How well do flakes show under KBC?


----------



## AuggieStyle (Sep 24, 2006)

i use the ks12 and kbc over it and just clear you can candy over it but you get what you want from kbc it is just that base coat easy to blend in the event of an acident
i am painting my dd srx pavo purple kbc i will post pics


----------



## 63RIVI (Feb 27, 2005)

Just painted a Big Body using KBCs. Used Cinder Red under Burple....covered nice. Does give it a nice Kandy look. Like Auggie Style said...easy to blend. Mixed at 2 to 1 with no hardner.


----------



## Vayzfinest (Mar 20, 2004)

> _Originally posted by hot$tuff5964_@Feb 10 2010, 09:20 PM~16577348
> *How well do flakes show under KBC?
> *


x2


----------



## show-bound (Apr 5, 2004)

> _Originally posted by hot$tuff5964_@Feb 10 2010, 10:20 PM~16577348
> *How well do flakes show under KBC?
> *


kbc is pearl...

be like throwing pearl over it.. get flake, pearl would cover alot up to...

kbc is translucent compare to uk being transparent


----------



## Vayzfinest (Mar 20, 2004)

Good info, Any more??


----------



## 61 Impala on 3 (Sep 30, 2003)

KBC Oriental Blue over a Stratus Blue base with flake under the KBC. 

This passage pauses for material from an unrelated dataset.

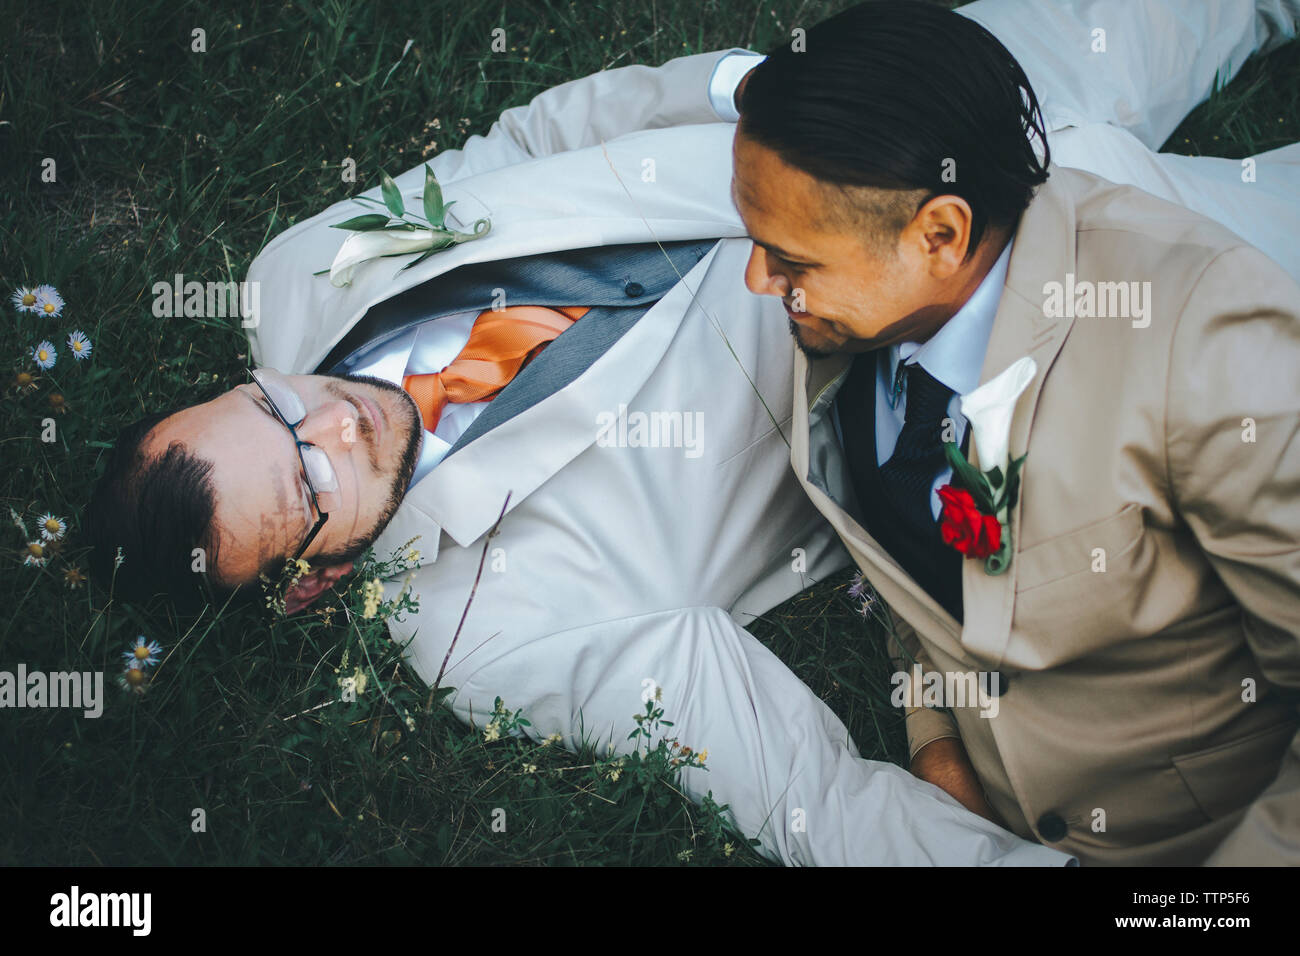 Happy homosexual couple relaxing on grassy field Stock Photo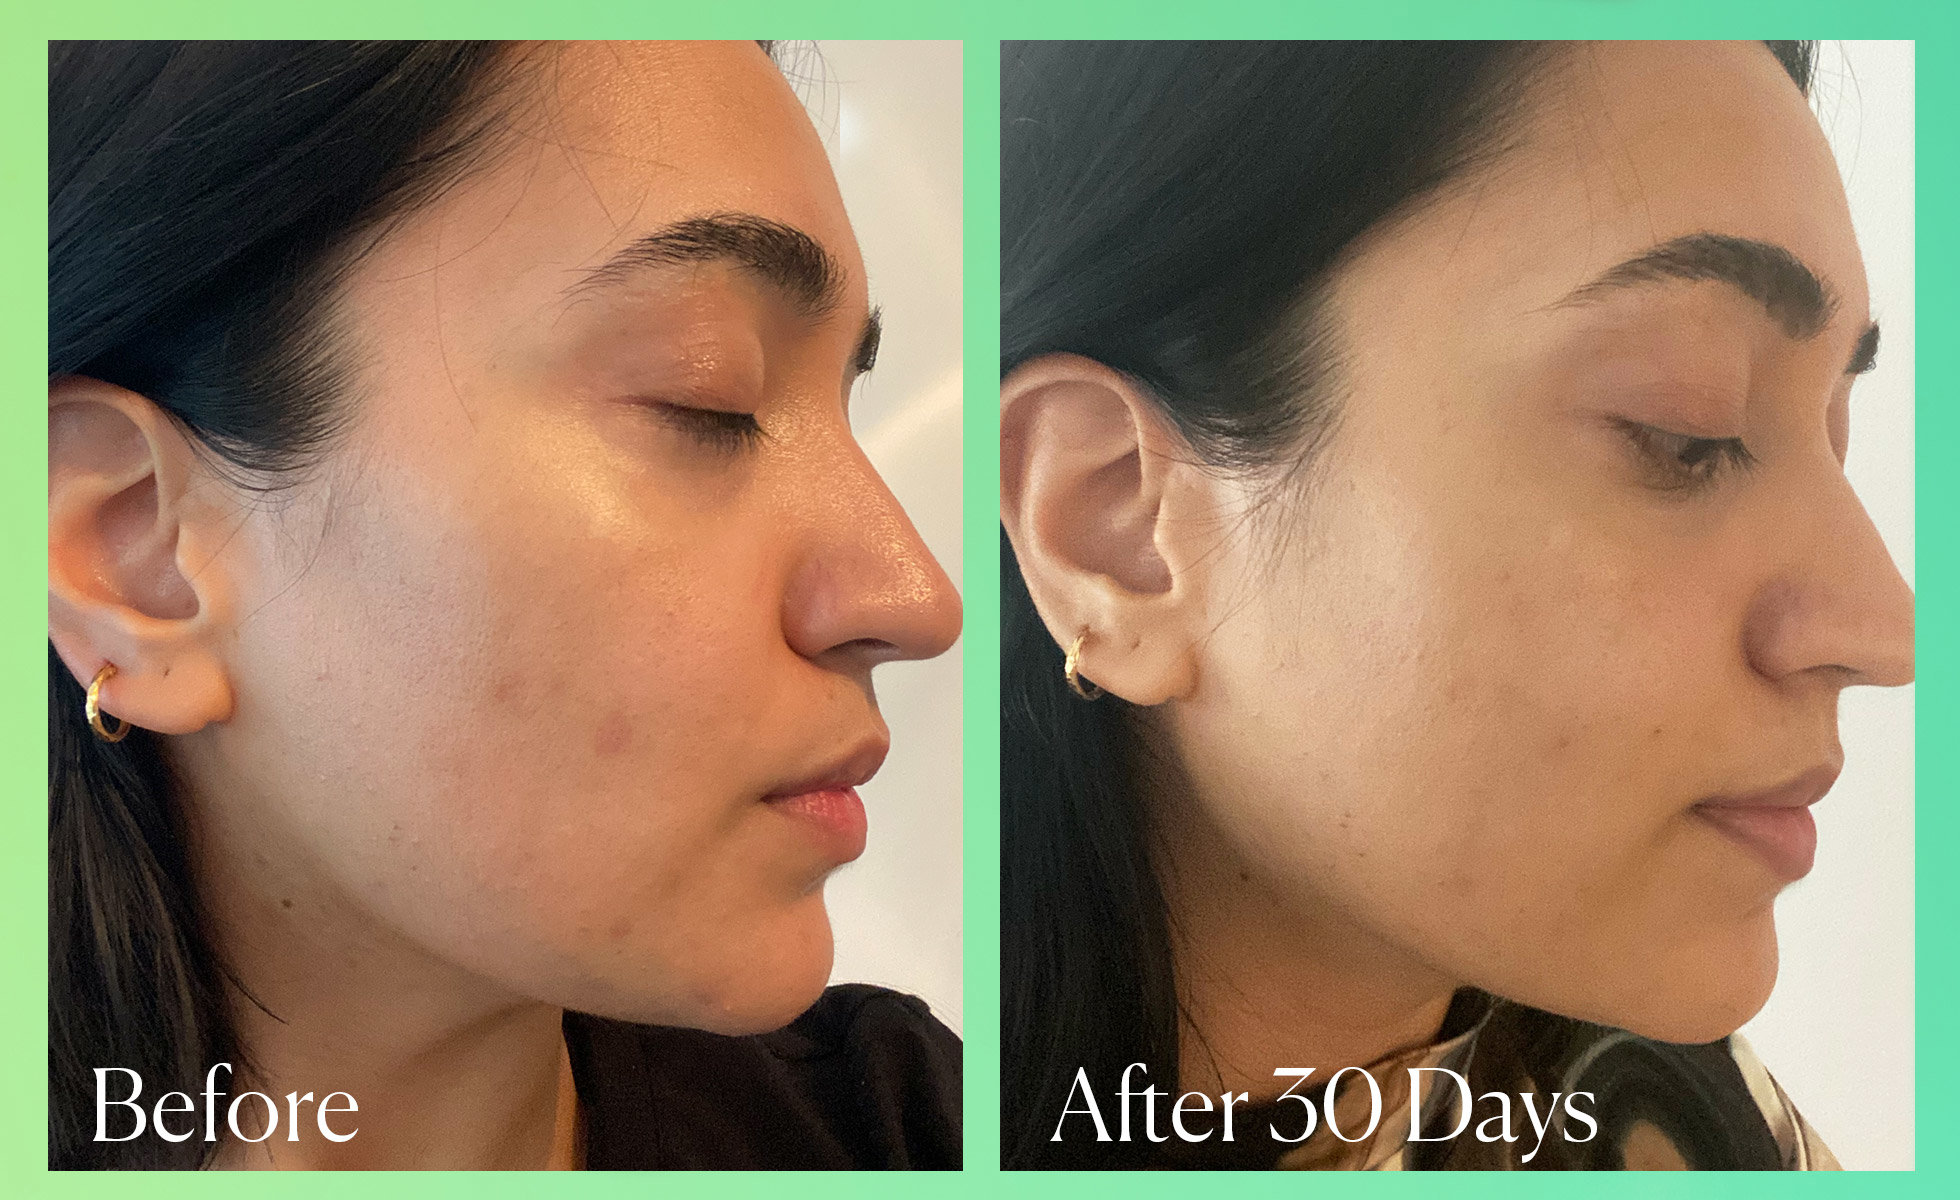 Nurain’s results after 30 days of using Good Molecules Discoloration Correcting Serum.

The flake would only really show up in the sun or heavy florescent lights.


----------



## kaddyman (Aug 4, 2007)

does anyone know if the base fades as quick as the kandy does???


----------



## 61 Impala on 3 (Sep 30, 2003)

> _Originally posted by kaddyman_@Feb 13 2010, 01:28 PM~16601999
> *does anyone know if the base fades as quick as the kandy does???
> *


Nope it doesn't do it as bad.


----------



## hotstuff5964 (Dec 9, 2004)

I heard on another forum that it might actually fade worse. It's basically regular kandy, but with pearl added into it. Maybe they don't put the extra UV stuff they put in the UK kandy :dunno: 

On a side note, I did a test panel with flake IN the KBC, and it actually showed VERY well. I shot 2 coats of the apple red KBC, then on the 3rd coat I put in some silver flake. It doesn't look as good as regular kandy, but still pretty damn good. I also tried the apple red KBC with red flake ON TOP of the KBC, and that looked better. 

FYI...


----------



## Vayzfinest (Mar 20, 2004)

> _Originally posted by hot$tuff5964_@Feb 15 2010, 07:33 PM~16621427
> *I heard on another forum that it might actually fade worse. It's basically regular kandy, but with pearl added into it. Maybe they don't put the extra UV stuff they put in the UK kandy :dunno:
> 
> On a side note, I did a test panel with flake IN the KBC, and it actually showed VERY well. I shot 2 coats of the apple red KBC, then on the 3rd coat I put in some silver flake. It doesn't look as good as regular kandy, but still pretty damn good. I also tried the apple red KBC with red flake ON TOP of the KBC, and that looked better.
> ...



Pics!?


----------